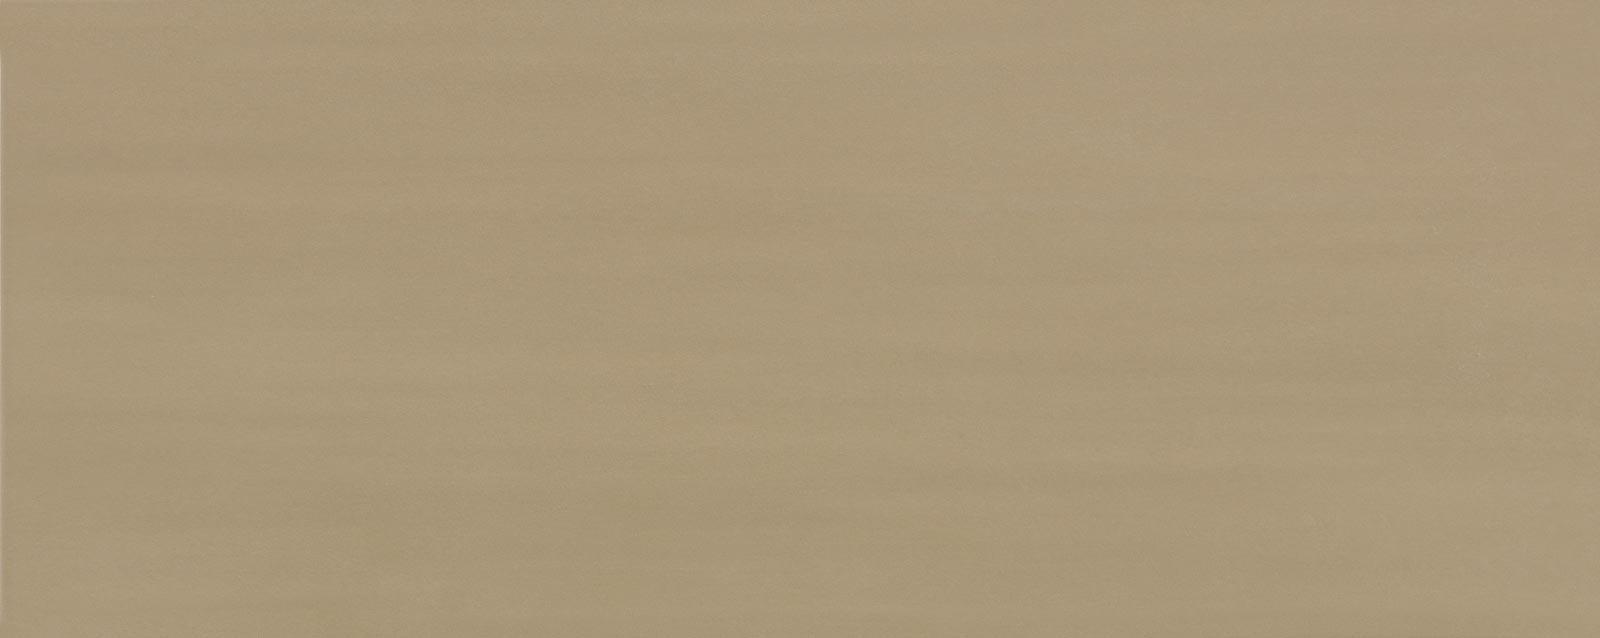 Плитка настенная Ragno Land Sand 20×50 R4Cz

* * *

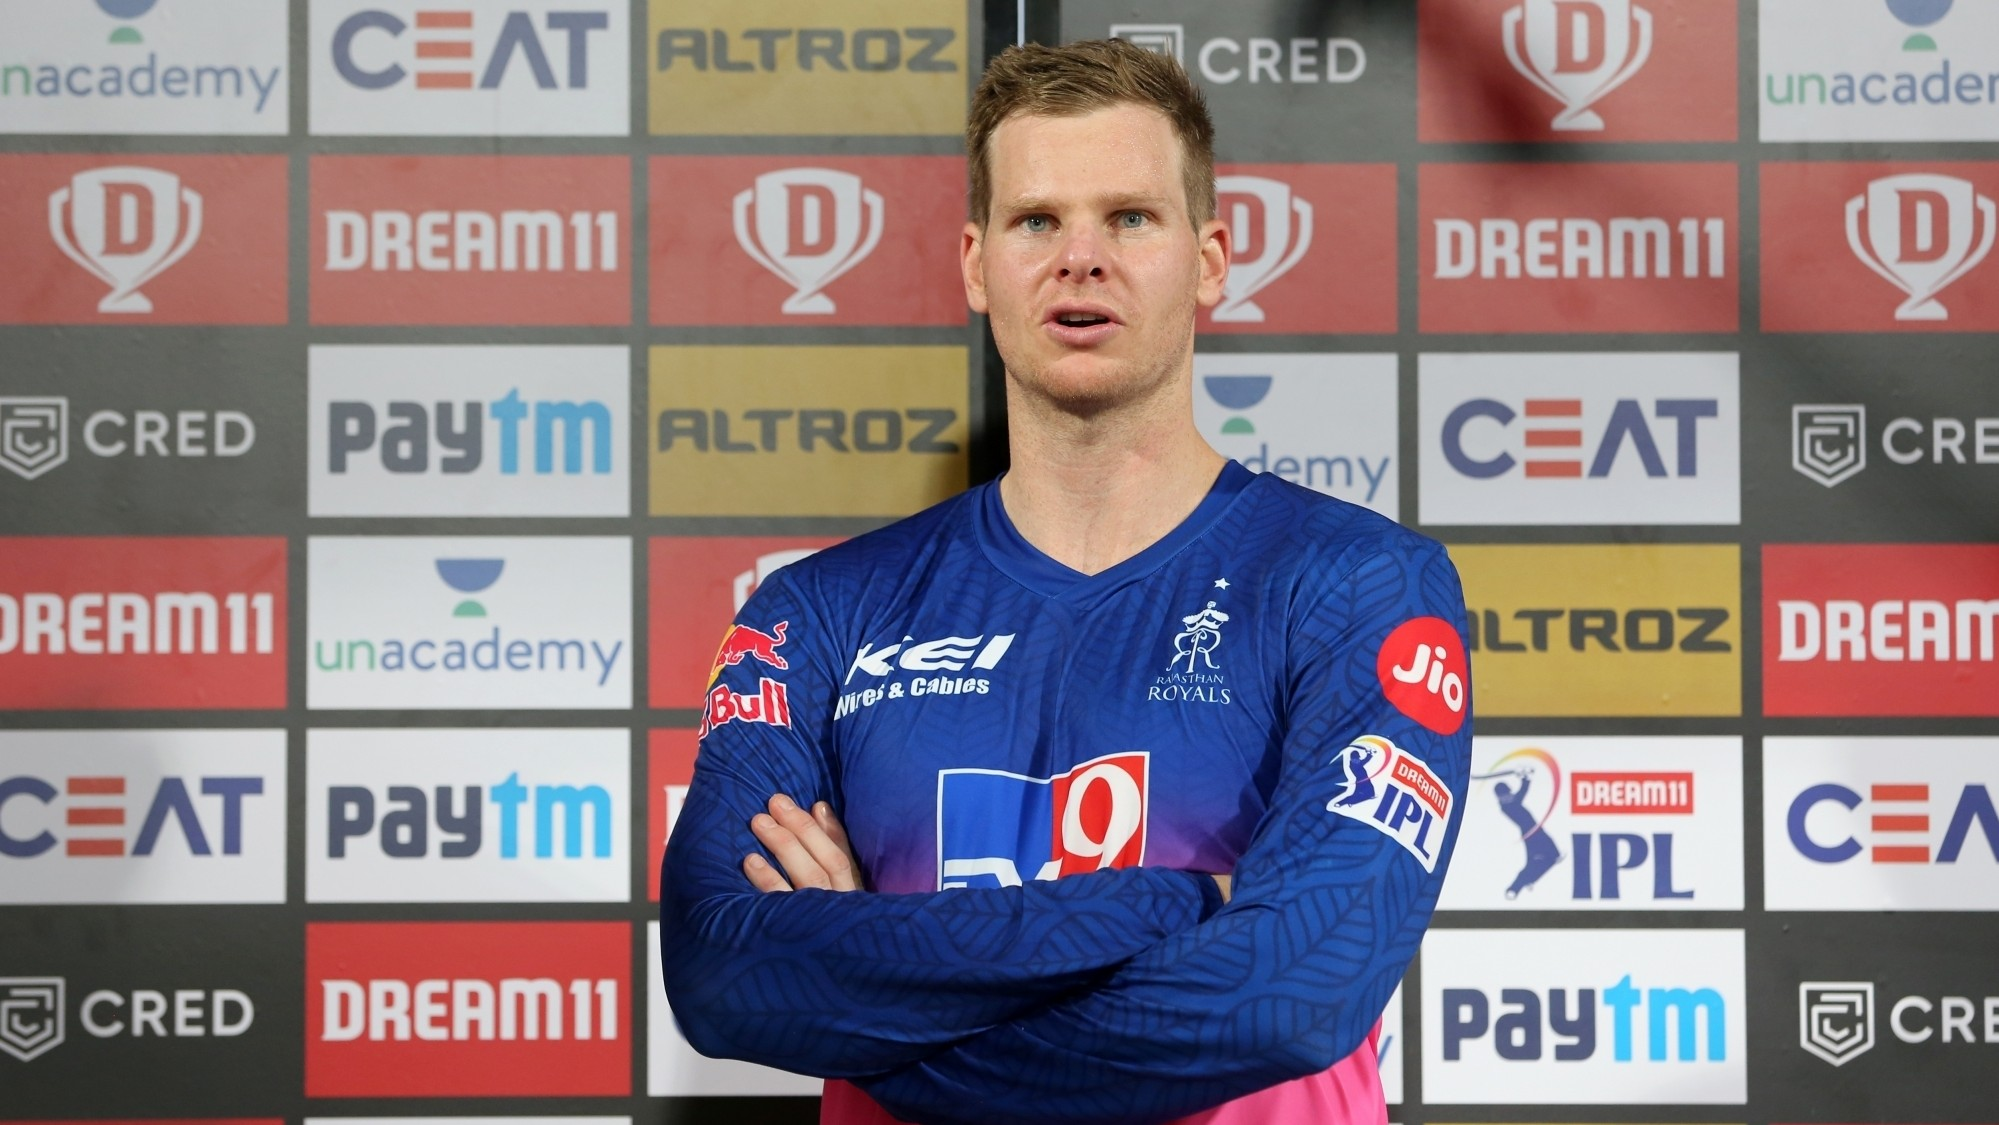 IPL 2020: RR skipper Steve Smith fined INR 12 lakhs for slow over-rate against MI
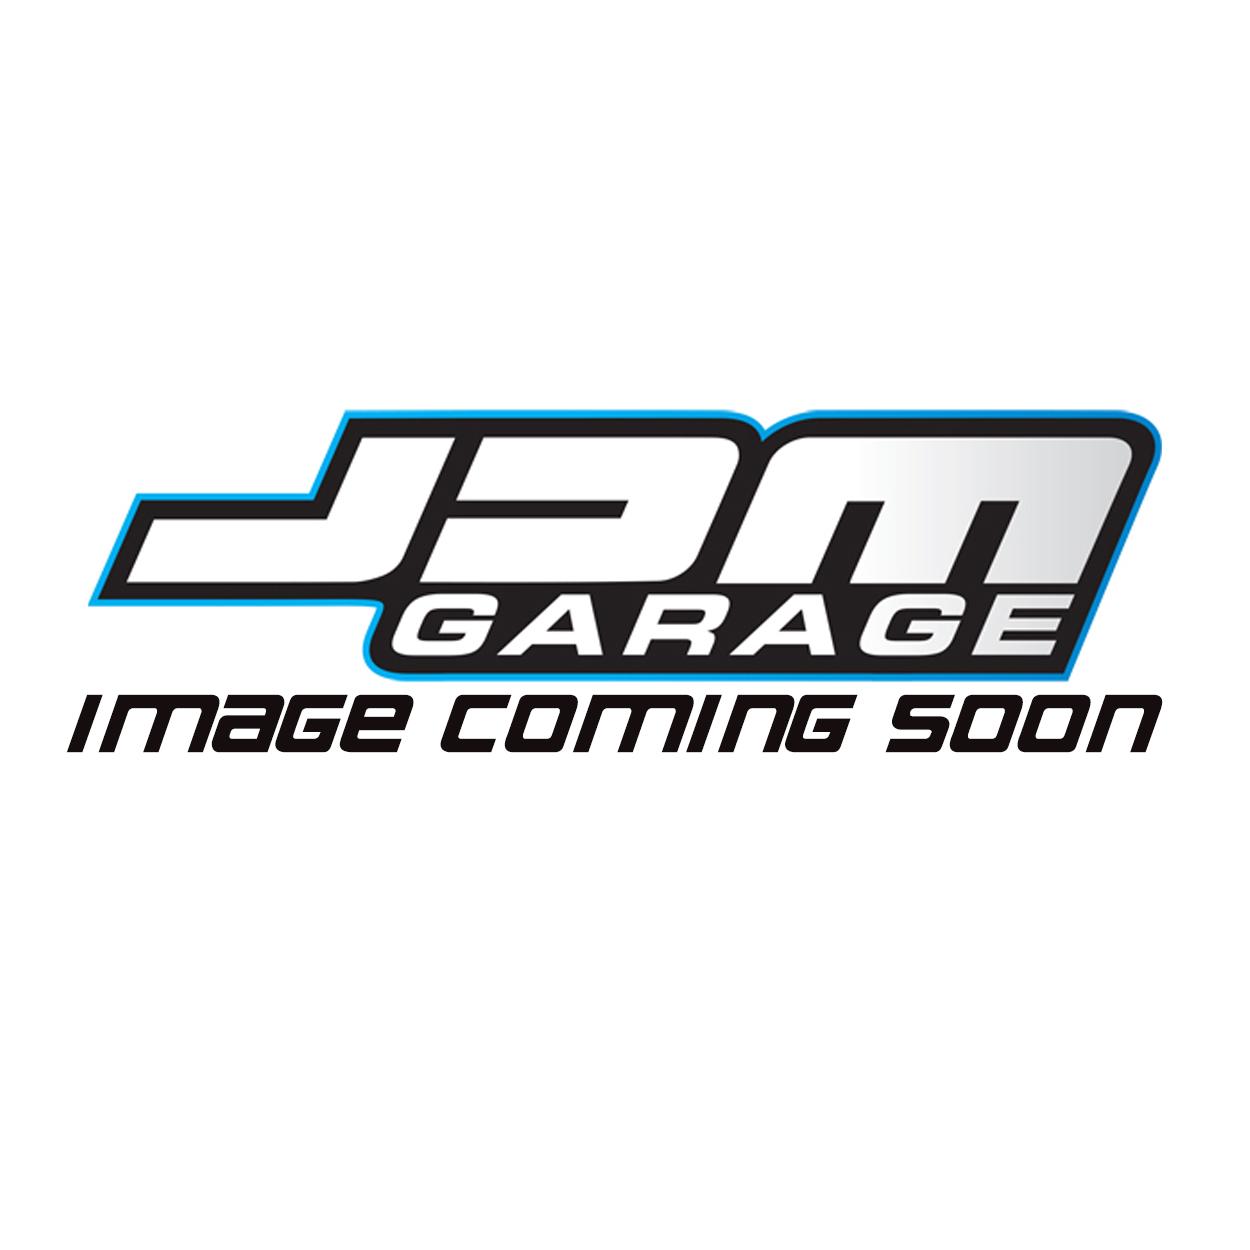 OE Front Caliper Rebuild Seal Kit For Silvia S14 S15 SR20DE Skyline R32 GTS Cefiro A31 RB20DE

Your goal: Output exactly the lines of the listing above that start with the one holding "IPL 2020: RR" and go on through the one holding "OE Front Caliper"; leave the pictures out.

Exercise output:
 IPL 2020: RR skipper Steve Smith fined INR 12 lakhs for slow over-rate against MI
 OE Front Caliper Rebuild Seal Kit For Silvia S14 S15 SR20DE Skyline R32 GTS Cefiro A31 RB20DE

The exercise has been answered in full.